We now process thousands of jobs per second across hundreds of job types. Our queue reliability and performance allow us to keep our fast customer and admin response times while increasing scale and keeping our development costs and headcount down. Here’s everything we’ve configured or built into our queues that allow them to grow into the backbone of our architecture while, most importantly, not keeping us up at night.
Have a clear hierarchy of queues that allows you to prioritize jobs based on class/type/whatever. Often a queueing system will allow prioritization of jobs only, while maintaining a single queue. I think this is suboptimal, because you may want to apply optimization of a prioritization on a higher level than the job type. Separate queues allows for this.
Plan for expansion of your queue hierarchy because you don’t know all the queues you’ll need down the road. For us, using Resque’s alphabetical prioritization scheme, this meant naming our queues with options to expand into subqueues between them. Our queue evolution has been:
- high, low, slow
- critical, high, low, slow
- critical, high, low, mailers, slow
- critical, high, low, mailers, slow, trailing
- critical, high, low, mailers, slow, trailing, unhurried
- critical, essential, high, low, mailers, slow, trailing, unhurried
Whitelist exceptions to discard or retry instead of taking a blacklisting approach. Many queue systems will make it equally easy to take a whielisting or a blacklisting approach to the problem of retrying or discarding exceptions. You should definitely take a whitelisting approach, to remove any unexpected retries or discards. For example, you probably want to retry any jobs that are calling external APIs and receive a server error. Or you will probably want to discard jobs that deal with notifying users of a record that has been destroyed since the job was originally enqueued.
Retry jobs with jitter. When retrying a job, always add a variable delay (jitter) in between attempts. This eliminates a whole class of problems introduced by jobs of the same type or concern hitting a service in concert. Even if you don’t think this will be an issue internally, your external services will perform better if you treat them better.

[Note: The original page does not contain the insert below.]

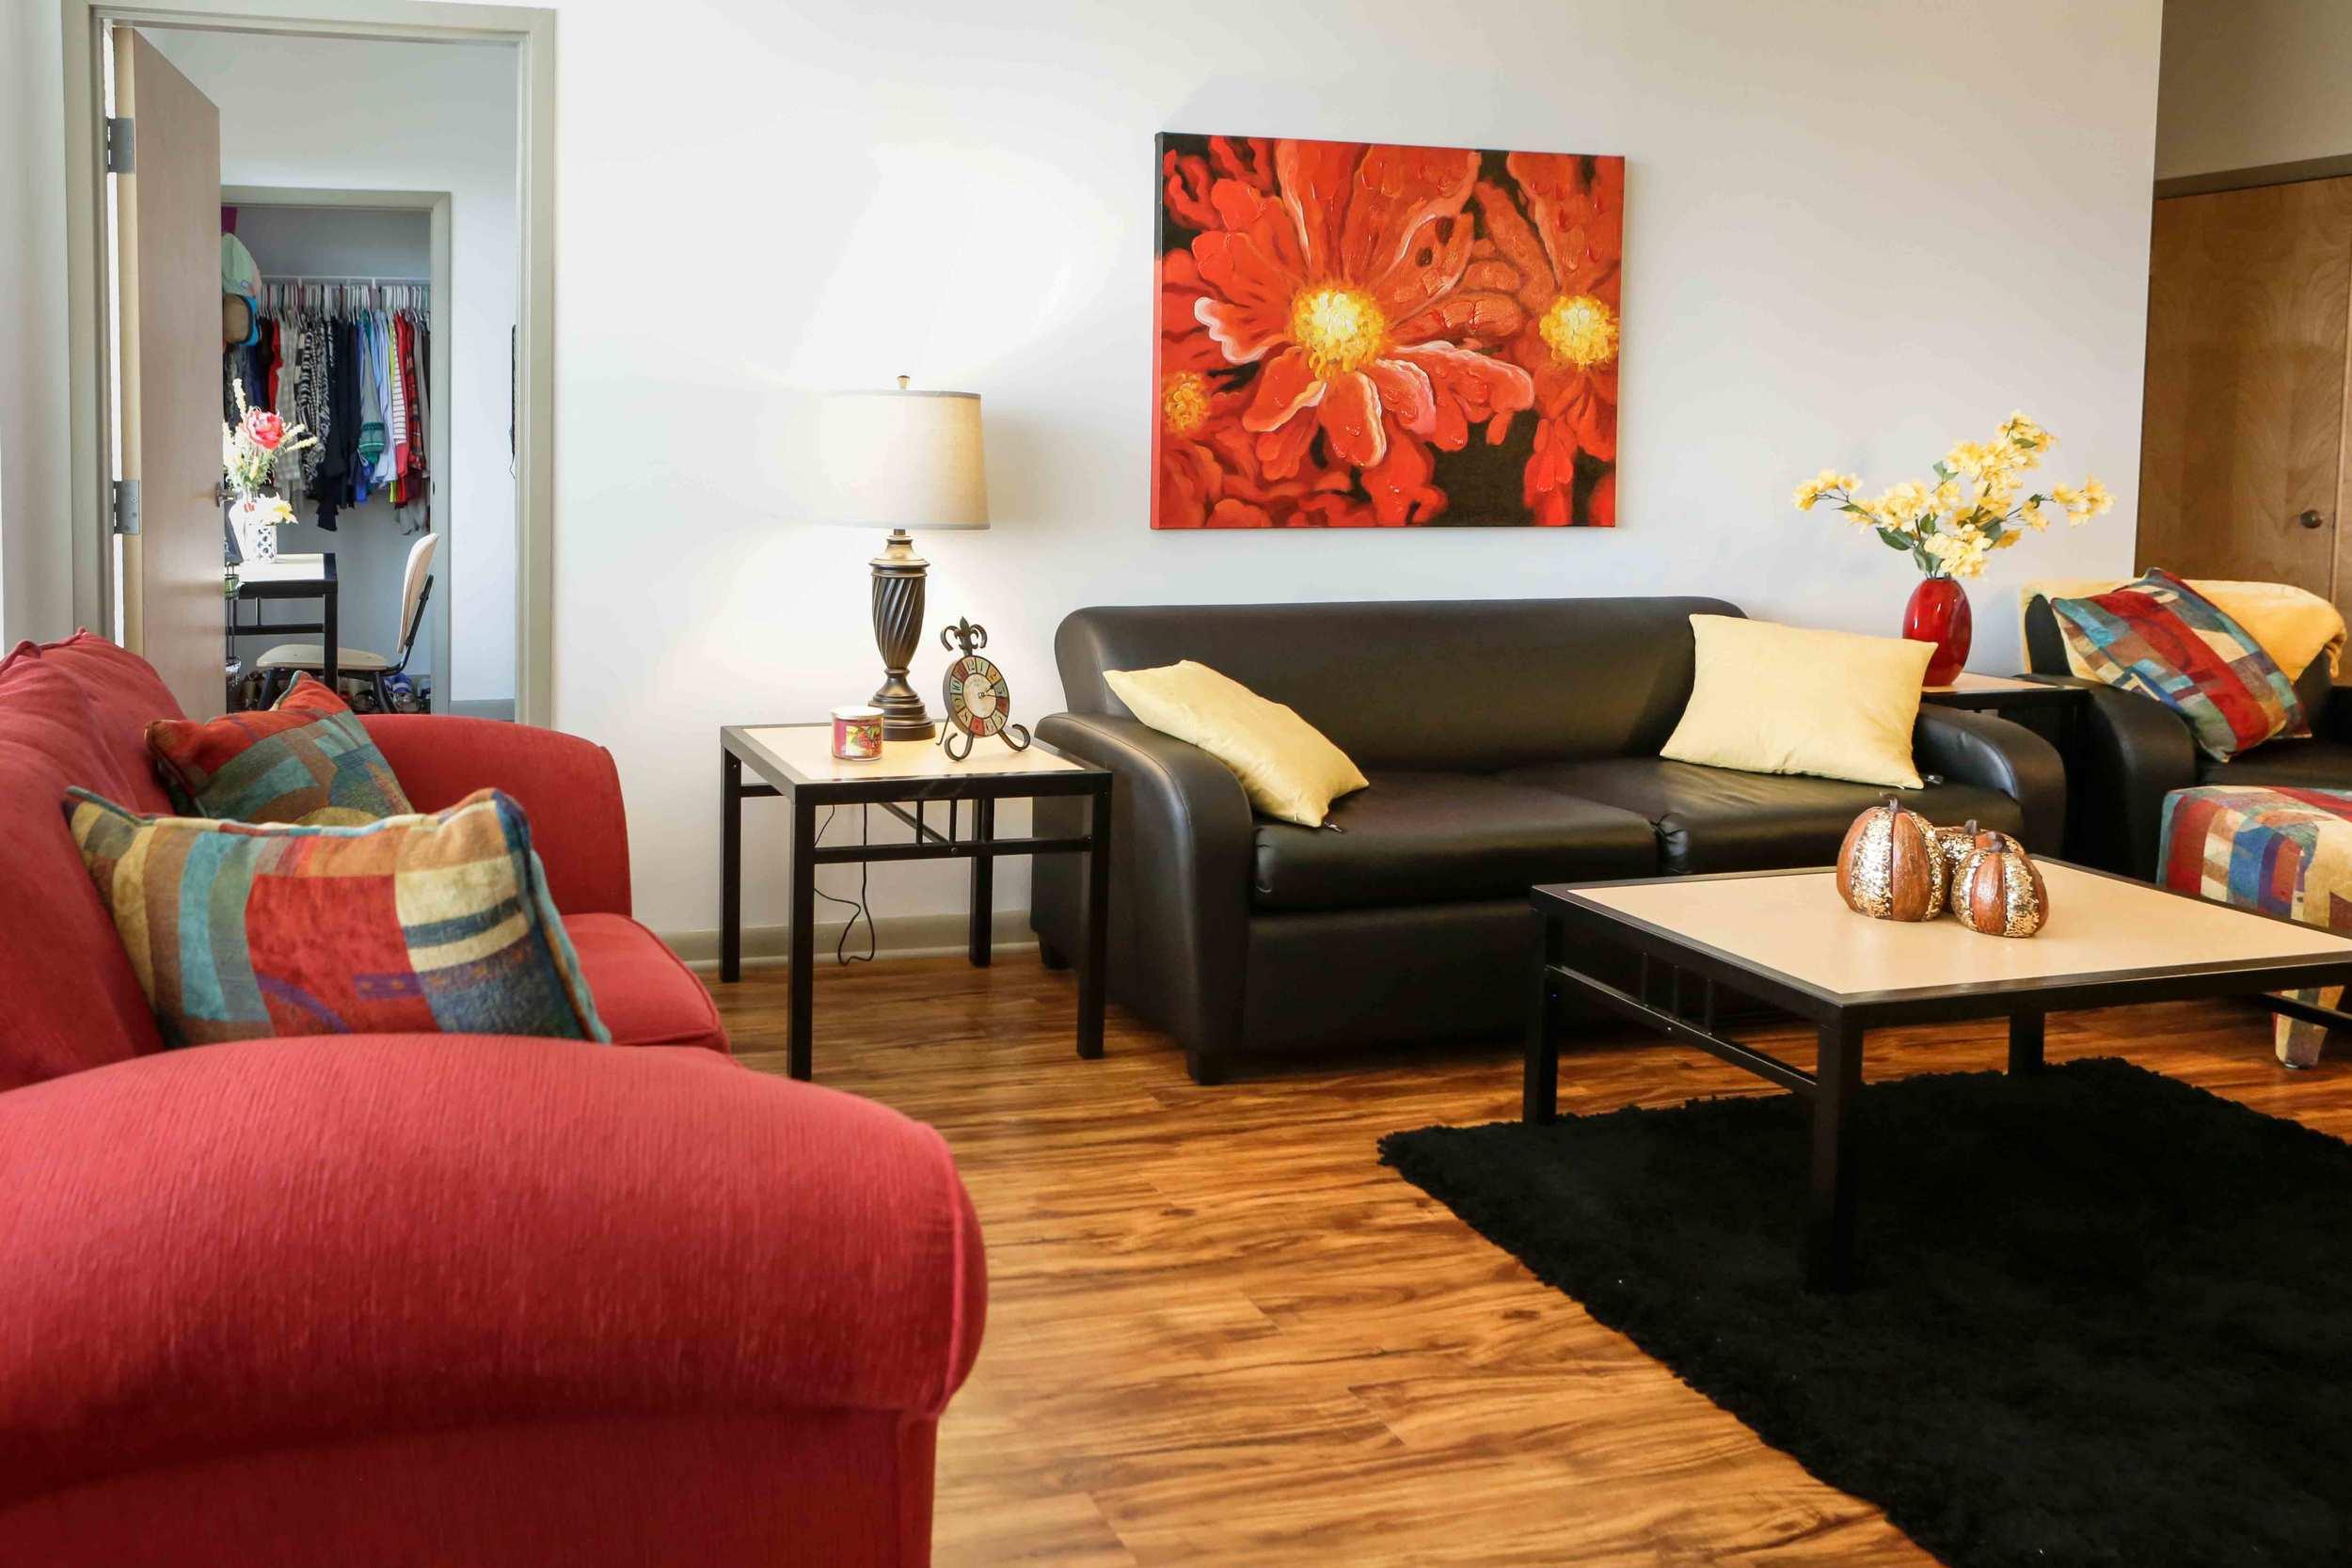 Tattnall-Square-Living-Room2.jpg

Configure a dedicated failure queue for each queue. This allows your team or your queueing system to handle these failures (after retry and discard logic has been applied) separately. This is important once you have thousands of jobs flowing through your queues, as failures of different priority will necessitate different attention. If you’re operating at a lower rate, you can maintain a single failure queue until the volume necessitates it, as we did.
Have a system for requeueing out of the failure queues. This has been our most recent addition to the queueing system, but has eliminated a whole class of developer concerns. Essentially, we have retry logic that applies before a job is placed onto a failure queue. From a failure queue, we have separate workers that process those failures and attempt to handle them according to a secondary retry logic that applies only to specific low-level failures or repeated exceptions.
Provide queue introspection by an external system or the queue itself. Queue observability is as important as any other system observability, and we have used it constantly. Whether it’s an external system or probes running through the queue itself (our approach) that reports on the queue depth, rate, etc., you should have a constant report of the queues’ health.
Have a notification system for failures and queue velocity changes so that you can understand the queues’ behavior. This was one of the first aspects that we built into our own queues so that we could manually handle failures. That’s fine to start, and will annoy you enough to build the requeueing logic. We have not yet built notifications for changes queue velocity, but we have recently seen some behaviors that could be better expected if we had such a notification.
Have a method of estimating queue lead time. This becomes important if you want to have accurate and effective scaling algorithms. We take the approach of recording execution time for a sample of jobs of each type in our queue. Then, as our queue introspection probes report on the queue depth, workers, and more, they also report on the estimated execution time for each job currently in the queues. This allows our scaling algorithms to take not only queue depth but also queue lead time into account when scaling. This had been a convenient, though probably not required aspect of our scaling logic. We’ve used Appsignal to estimate durations pretty effectively, but any APM system should do.
Scale queue workers based on the introspection described above. Maintaining a constant worker pool will be wasteful, so having a system of rules (simply a step function at first) to scale workers up or down based on queue depth saves you a ton of money in aggregate. A simple step function can evolve into a context-based algorithm, but scaling is a necessity. We’ve easily shaved off hundreds of dollars from our monthly bills by tweaking our queue scaling algorithms.
Scale at an interval that maps to your throughput change rate. Your scaling assessment and its effect must be commensurate with the acceleration or deceleration of your queue depth. So, if your queue depth changes during the day, but generally increases over the course of an hour, you should be introspecting your queues at a reasonable fraction of that rate. If your queue depth changes drastically minute to minute, you need to be introspecting once a second and you need to have your scaling commands take effect within a few seconds. If your scaling effects take longer than it takes for your queue to grow or shrink, your commands are out of date and will have unintended effects.
Though there are many queueing SAAS products out there, I’ve never seen one that provides all of this for you in one package. Luckily, any of these can be built by your own team. You won’t need all of these aspects when spinning up your application’s queueing infrastructure, but you will need them as you offload more work to the queue.